As I fold the laundry I wonder if my years in colledge were worth it.
Without help, a wife becomes the help. Atleast the help is paid, but you are not.
If a woman leaves herself to get sucked in house work her life can slip through her fingers and she can wake one day to realise 10 years have passed.
In many other countries life with no help is possible, in Egypt it is not.
I find it hard to sustain the professional realtion with the help.
It ends up turning into a friendship. Unfortunately they do not respect a friendly boss.
I realise something is wrong with me, I do not know how to act like a bossy madam.
Today at the interview the potential maid and her agent laughed when they saw me.

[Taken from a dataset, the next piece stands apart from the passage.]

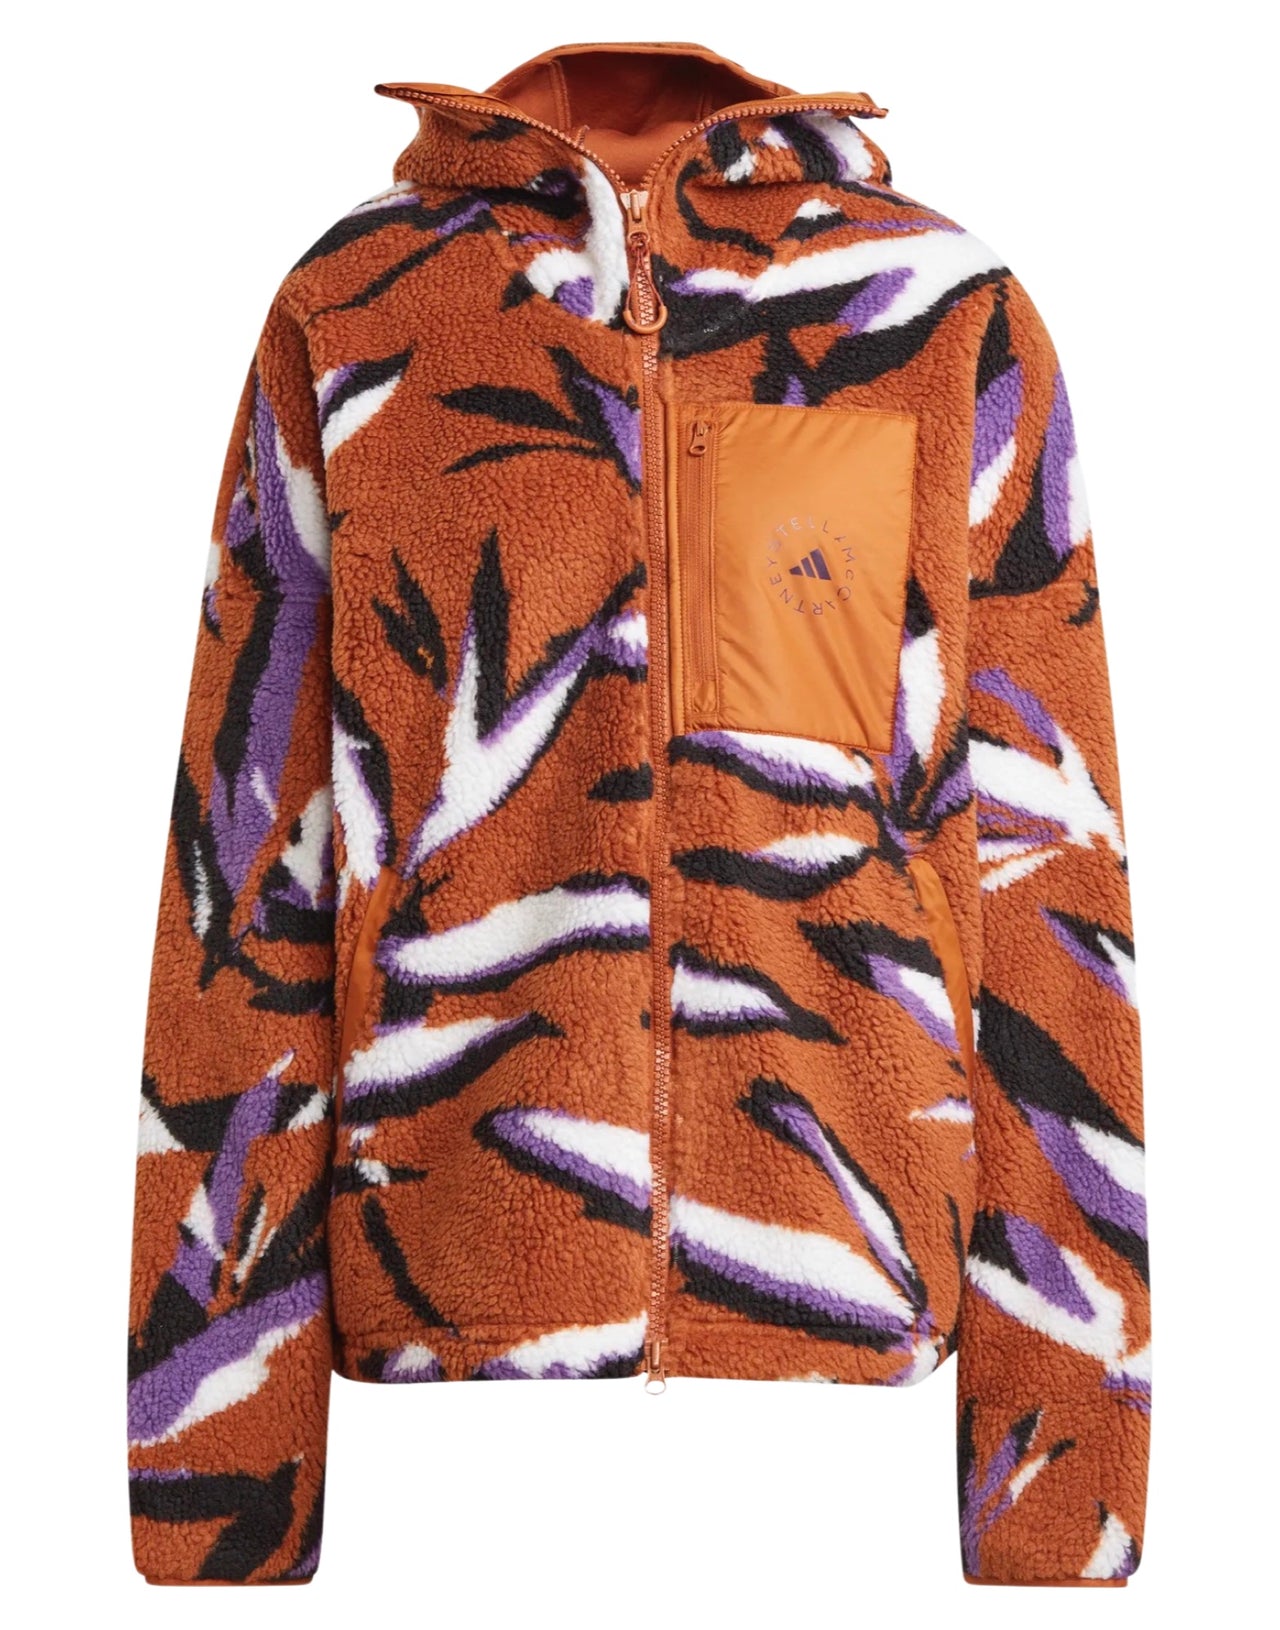 Adidas by Stella McCartney Giacca camouflage caramello
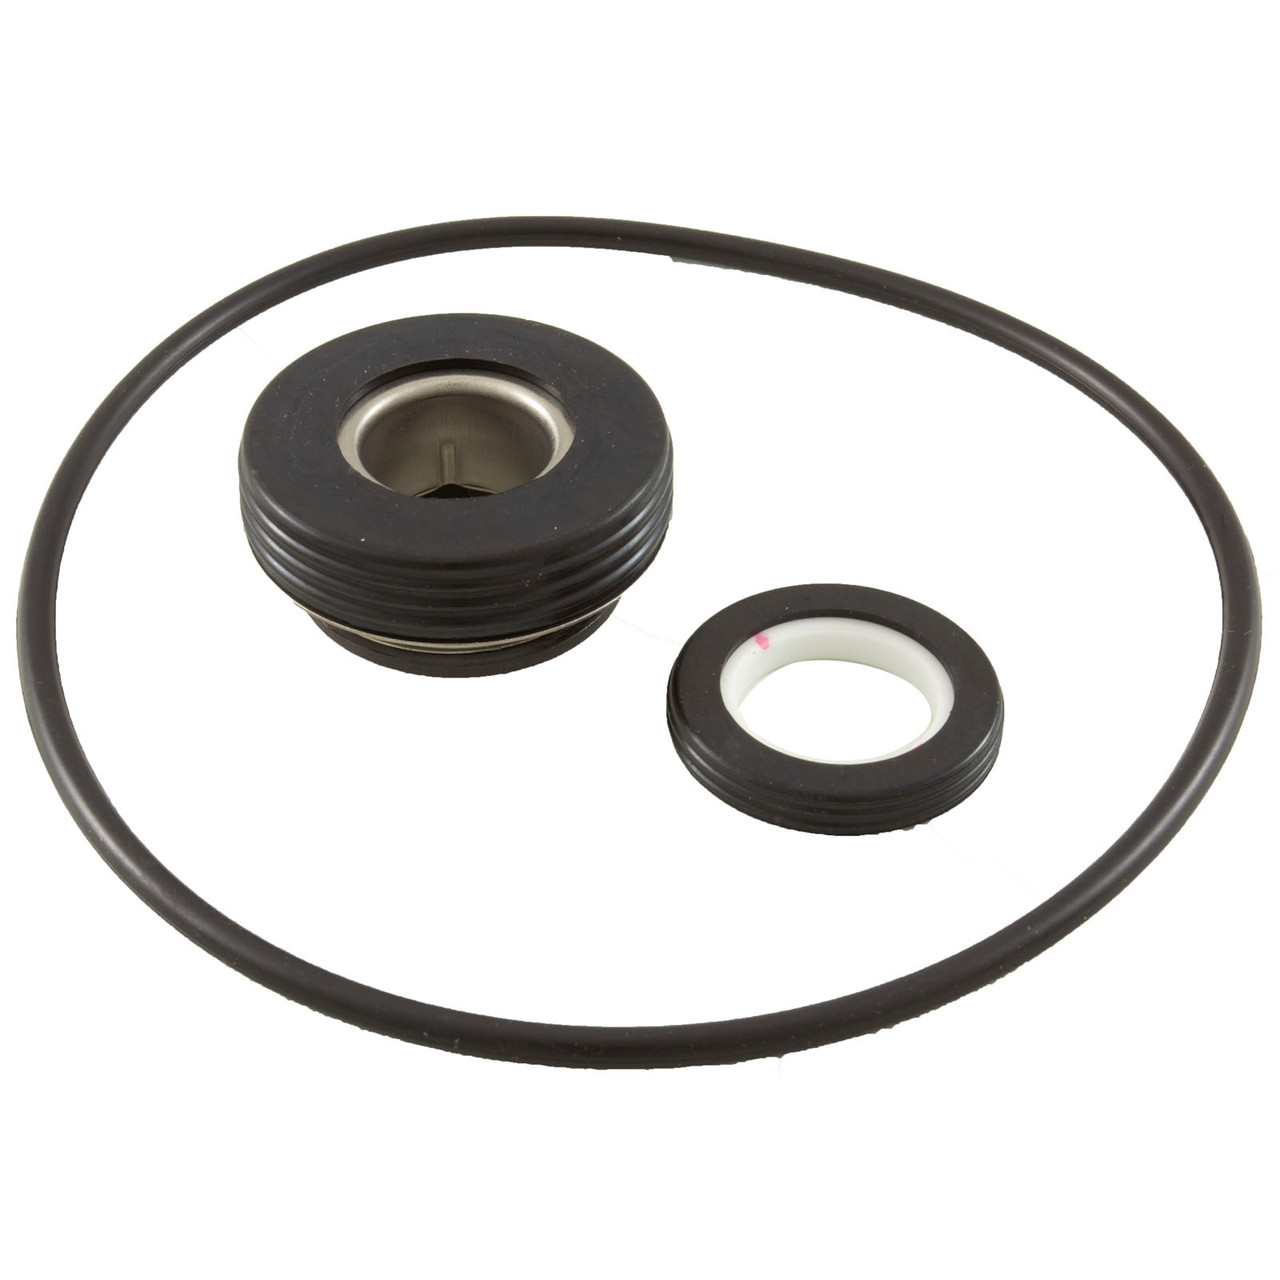 B K JAGAN & CO Water Pump Mechanical Seal Sealing Ring(Pack of 2) (16 MM) :  Amazon.in: Home & Kitchen

But you are too young they said, how old are you?
I told them I am not too young I am 24!
She said I can not call you madam because you are too young.
Suddenly I felt like I was the one who was trying to get the job, I was belittled and the power imediately went to them.
I am not good at the games that come with the egyptian madam and maid relationship.
The last helper who came here started out fine when I kept a proffessional gap as soon as I let down the wall of proffesionalism and began treating her like family, her frown arrised and pleasing her became an impossible goal of mine.
I do not know why I always feel guilty about the idea of getting help I try to make up for it by destroying the proffessional relationship with my friendly ways. I carry a weight of guilt on my shoulders as I find the help doing their job and I end up letting them go, because they turn my life into a hell with their endless needs and impossible requests.
I am still learning but what I know is: I need help!!